Root methods are sometimes messy and dangerous in their own right. You might brick your device simply trying to root it, and you’ve probably (technically) voided your warranty doing so. Depending on the company, you might still be able to get a device repaired if you damage it attempting a root, but that’s not a guarantee.
As of Android 5.0 Lollipop, Nexus device system updates will only work on completely stock unrooted devices. This is because of a change to the way Android processes the OTA file. Updates now patch the entire system directory as a single blob, so any changes or extra files (i.e. root) will throw off the verification and the update will abort.
On other phones and tablets, virtually every OTA update you get will wipe out root and block the method from working again. If having root access is really important to you, you might be left waiting on older buggy software while you beg for a new root method or a modded OS update.
Why is rooting so much harder than it used to be?
If you’ve been using Android for a while, you’ve probably noticed gaining root access on most devices is much harder than it once was. There were exploits years back that could root almost any Android device in a few minutes, but that’s much less common now. The last essentially universal exploit was Towelroot in mid-2014, but Google patched that rather quickly.
The reason these exploits are patched so quickly now is that having active exploits on your system is actually a bad thing for most users. These are security holes that can be utilized by malware to take over a device remotely and steal data. Google and the device makers are being responsible when they shut down root methods after they are disclosed.
Android is more secure, and it takes more work to break that security in a way that can grant root access. As a result of this cat-and-mouse game, root exploits are often pretty involved. You might have to push files to your device over USB, enter terminal commands, and flash modified files.
The effort needed to find, test, and develop exploits of this nature is a big part of the reason some popular devices (like the Galaxy S6, for example) don’t even have root right now. That’s not to say there aren’t exploits in these devices, but they’re far too valuable to be given away freely to the community. If you peruse XDA, you might come across one of the many root bounty threads where users pledge thousands of dollars to anyone who can offer a working root method for a phone. This works sometimes, but it’s notoriously hard to collect on these bounties and a few thousand dollars isn’t actually terribly much for a solid exploit.
Anyone who does security testing and research on Android will tell you there’s real demand for non-public exploits among security and forensics firms.

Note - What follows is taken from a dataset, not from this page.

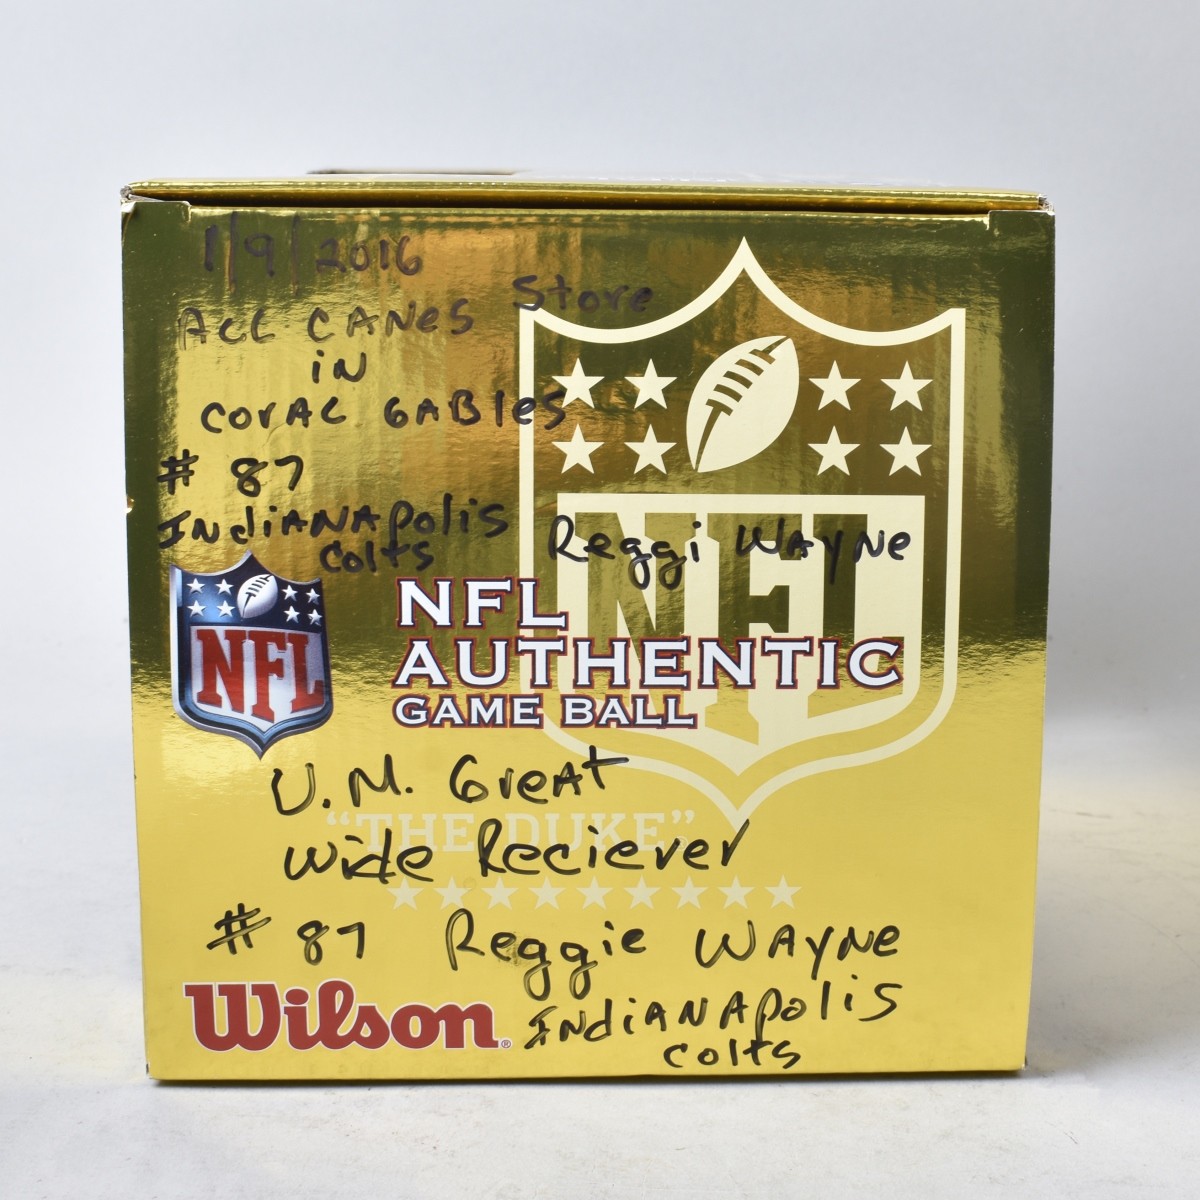 Two (2) NFL Authentic Footballs R. Wayne W. Welker
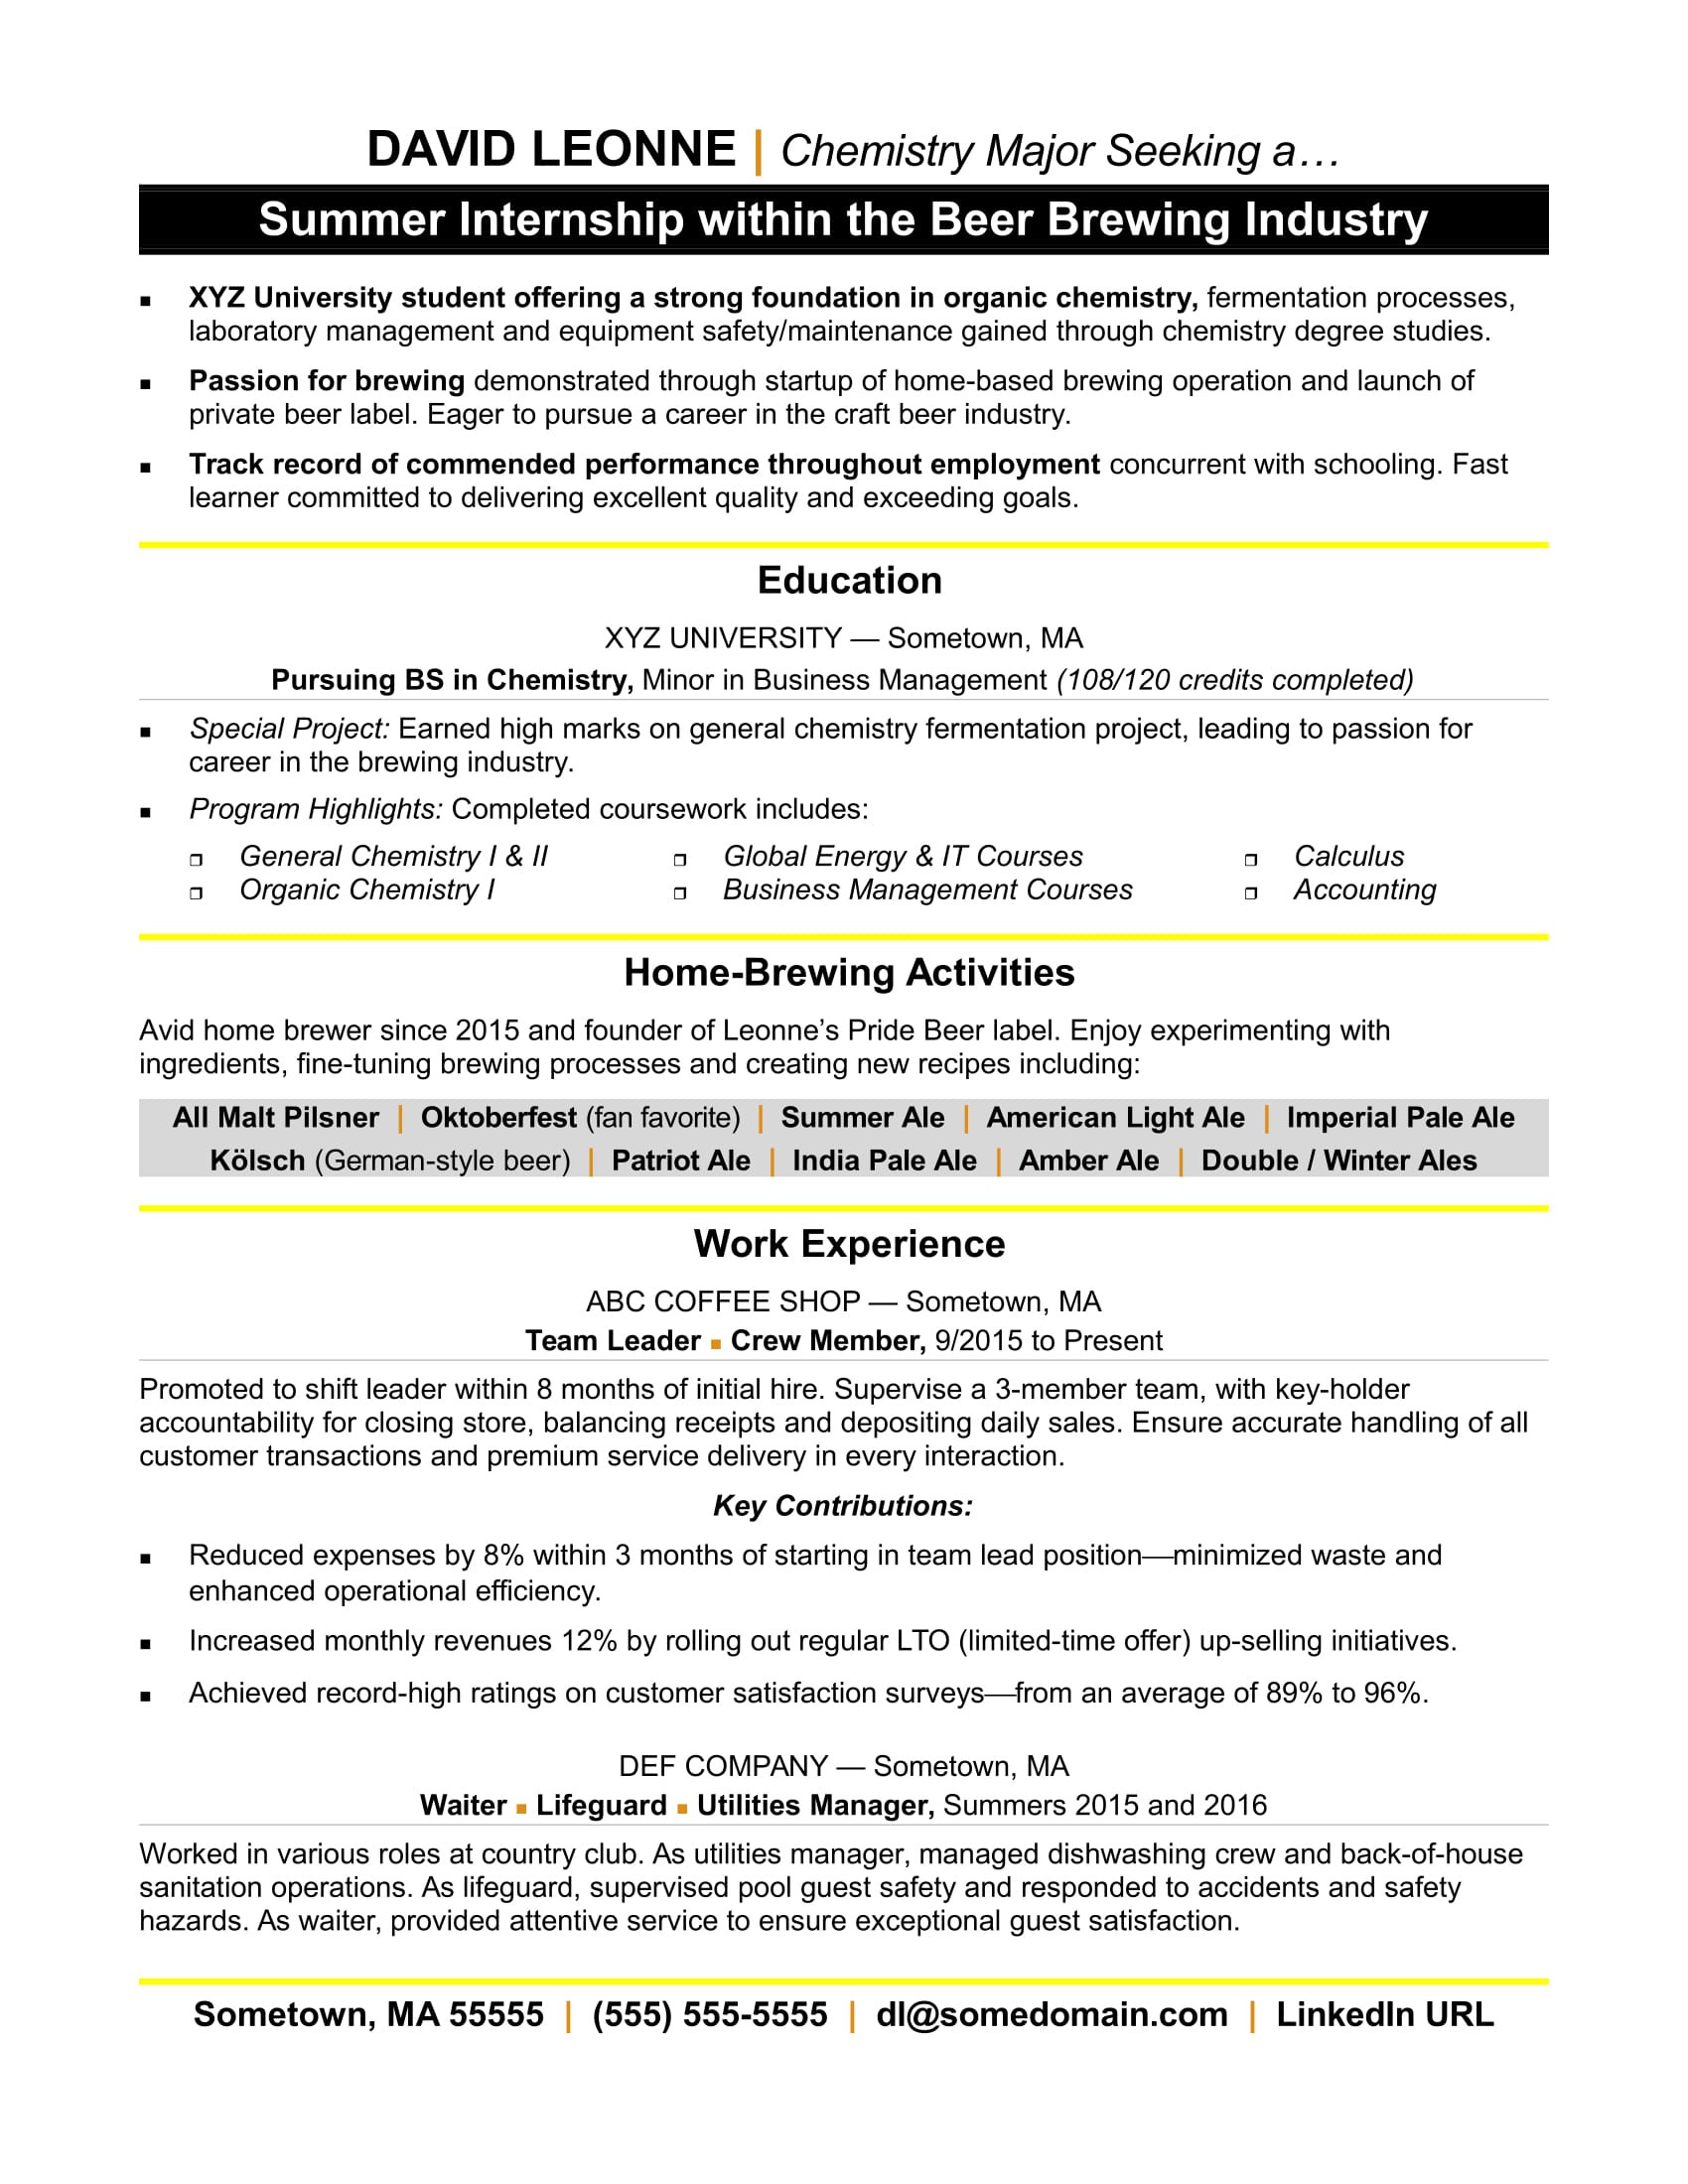 Sample Resume for College Student Applying for Internship Resume for Internship

A modder could make several times the theoretical value of a root bounty on XDA by selling an exploit to one of these companies. A universal exploit like we had back in the day could be worth tens of thousands easily. Most people just won’t give that away for a pittance.
So should you do it?
If you’re primarily interested in Android because you want to tinker, you should figure that in when you choose a phone. Don’t get something hoping that root method will be released, because you might be waiting a long time for a messy exploit that gets patched right away. There are some devices that are relatively friendly to rooting like Nexus phones and tablets. They have unlockable bootloaders and can be rooted with almost no legwork. They also have system images that can be used to restore the device in case something goes wrong. The usual warning about using care installing apps still applies, though.
If you’re not familiar with Android’s tools and how to fix issues with a command line, you might want to give this some thought. Root can be a lot of fun to play around with, but it can also lead to plenty of frustration as you try to fix errors caused by overzealous modding.